February 11, 2006
Ergonomics on Rail - One worker makes a difference   Feature in the Jan/Feb CAW Health & Safety Newsletter
If you travel in the Windsor-Quebec City corridor in a VIA Rail club car you will be provided with a hot meal. If you make your reservation
at the last moment there may not be time to ensure that there is a meal for you when you board.  For this reason meal banks have
been established at key en route points such as Ottawa, Kingston and Quebec City.  Extra meals are stored and transported in a
container referred to as "the meal bank".  These meal banks are delivered to the en route points by the first trains of the day, where
they can be drawn upon during the day by other trains where the first class service requires it.

For twenty-five years the meal bank consisted of a large aluminum box, with a narrow folding metal handle.  The front lids had been
long since been replaced by a plastic cling film.  The box is designed to be moved only a short distance, from fridge to transporter.  
Due to its wide shape, the box was awkward to walk with.  It could not be tilted forwarded because the meals could slide out, or
sideways as this would cause the food to spill.  But it could only be held with one hand.  Employees had to carry this box up and down
stairs, across icy platforms, and under the pressure of causing a train delay and consequent financial penalties to the railway. It will
not surprise you to learn that the prime cause of workplace injuries are related to lifting and moving supplies and baggage.

For years on train employees have complained about the size, shape and weight of the meal bank.  But nobody could do anything
about it. Until one worker decided to take action.
Council 4000 member Karen Sawyer
Train Service Manager for VIA Rail
Sister Karen Sawyer is an on train service manager, working out of the Toronto
terminal, with eight years service for VIA Rail.  She is a member of CAW National
Council 4000, representing railway workers both on and off train.  In an interview
with Ron Moisenko for the Health and Safety Training Fund's new course on
workplace stress, she stated that, "I just kept looking at those boxes, going 'One day
I'm going to be walking down the steps, I'm going to flip. I'm going to break my
back'."  She explained further, "I'm in a physical job, so I have to constantly be
thinking of how I lift baggage properly, how I'm walking on the train, how I'm lifting
the door platform up."

Karen had brought up her concern at a staff meeting in January, 2005.

When no change ensued after several months,
she continued to document the hazardous
condition in her trip reports, stating her fear of
long term side effects, and suggesting that she
might be obliged to make a work refusal if there
was no change.  Even though there is not yet an
ergonomics regulation in the federal jurisdiction,
Karen sought advice on how to make change in
her workplace.
Old and new meal bank boxes
VIA Rail Club Car
CAW Council 4000 National Health & Safety
Representative, Ken Cameron

After obtaining advice from her health and safety representative, Ken Cameron, she
decided to lodge a complaint under the Canada Labour Code, section 127.1.  Using
the form that had been developed jointly by the union and the company, Karen
reported that, "Meal bank boxes too large, not able to safely carry them.  Causes
strain in shoulder and could easily fall in winter on steps getting them off the train."

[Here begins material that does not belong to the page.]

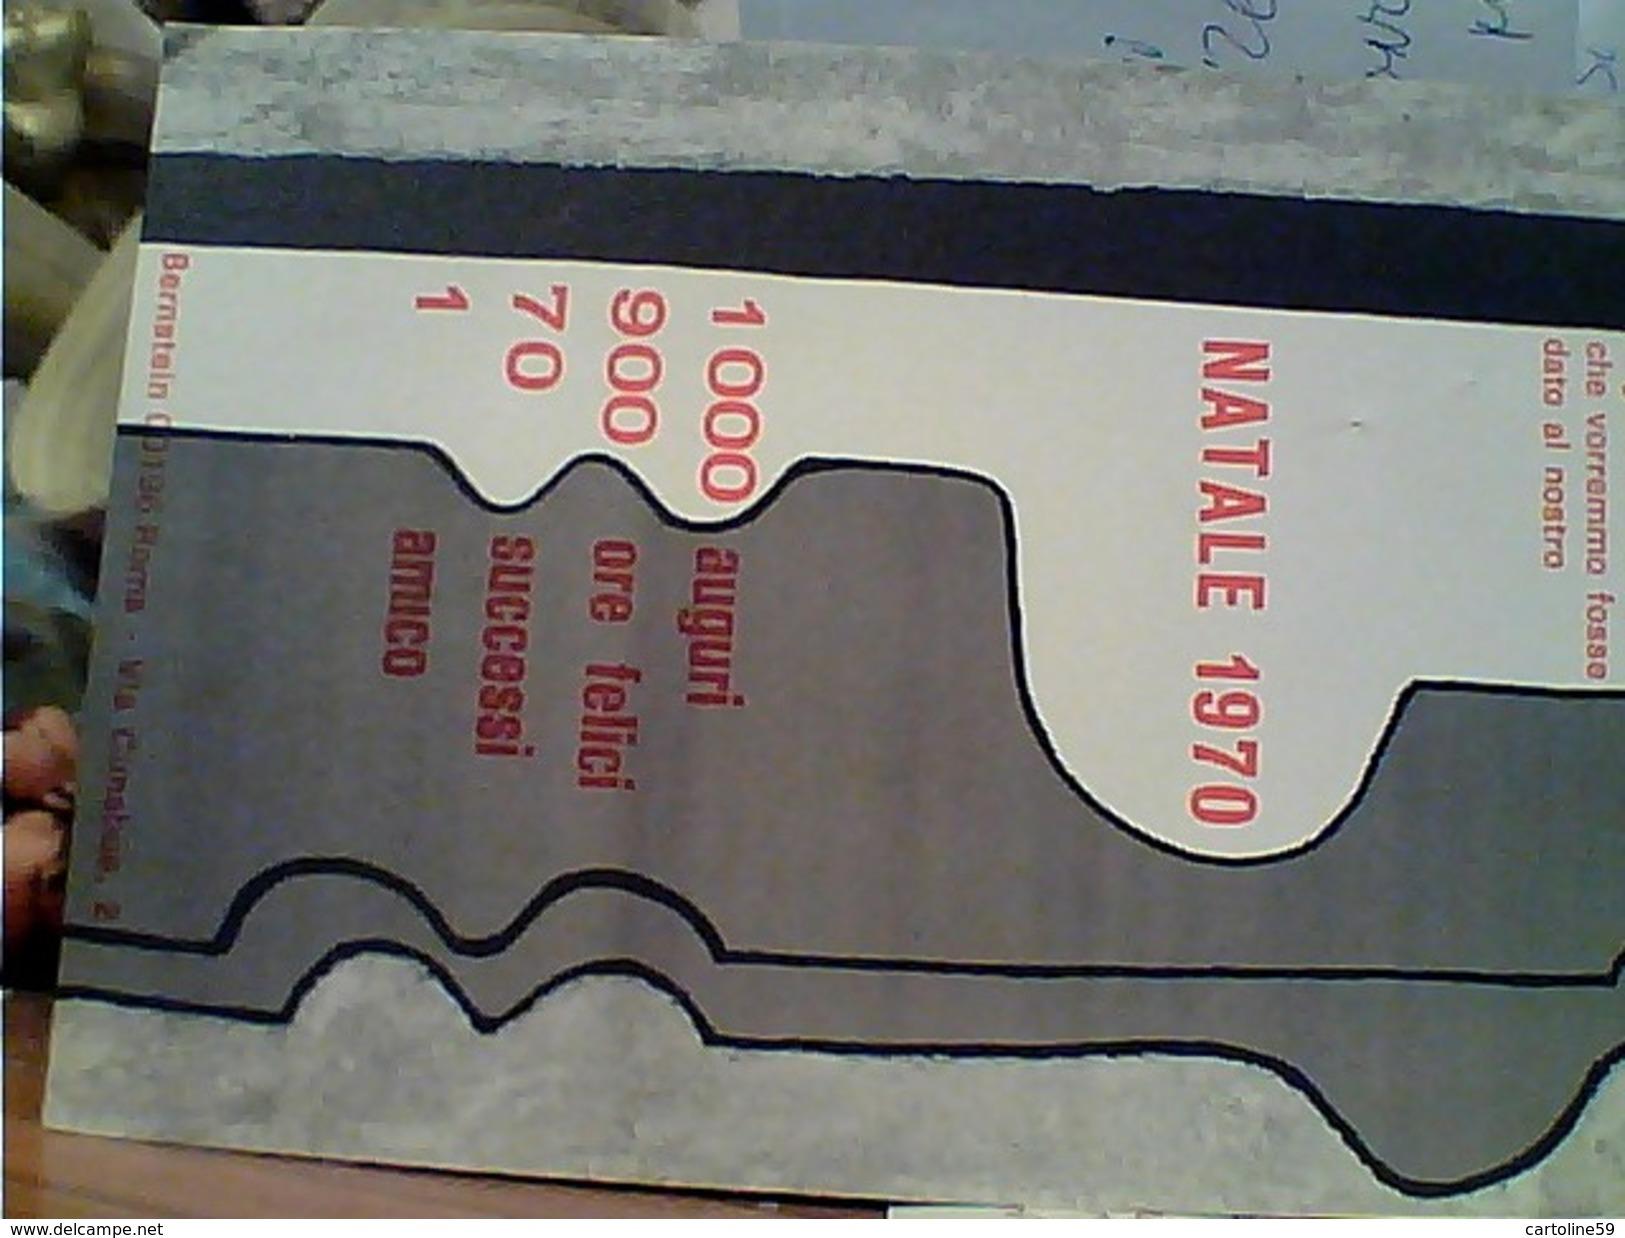 AUGURI NATALE 1970  1000 AUGURI 900 ORE FELICI 70 SUCCESSI 1 AMICO N1970  GB13421 - Natale

Her supervisor replied that the hazard was well-known but did not have the authority
to act and would pass the matter to another supervisor.

Karen observed about this process that, "The system is not conducive to easily
putting in a complaint.  The system that exists currently is fairly slow and arduous,
and it requires somebody to really feel very passionate about pursuing a complaint."

When still no resolution was forthcoming, Karen then advanced her complaint to a
Transport Canada Health and Safety Officer, Ms. Michelle Cartmill.  This resulted in a direction to the employer on August 22, 2005,
citing them for failing "to investigate, record and report" the matter, ensuring "that each employee is made aware of every known or
foreseeable hazard in the area where the employee works when required to use meal bank boxes.  This failure could result in an
injury to a VIA Rail Canada employee."

"But it took twenty-five years for someone to finally speak up and say, 'I don't care how long it takes.  I'm going to get rid of these
boxes.'  How many times is someone going to feel that passionate, because once you get discouraged a little bit, you just go 'Oh, to
hell with it.  Just forget it.  It's not worth it'."

Her fellow workers will be happy that Karen Sawyer did not give up.  Even some of her supervisors now say to her, "It's really good that
you did this."  She observes that "people are more inclined to pursue a complaint if they feel there is going to be a positive result, not
just in 'I was successful' but in positive reinforcement as well."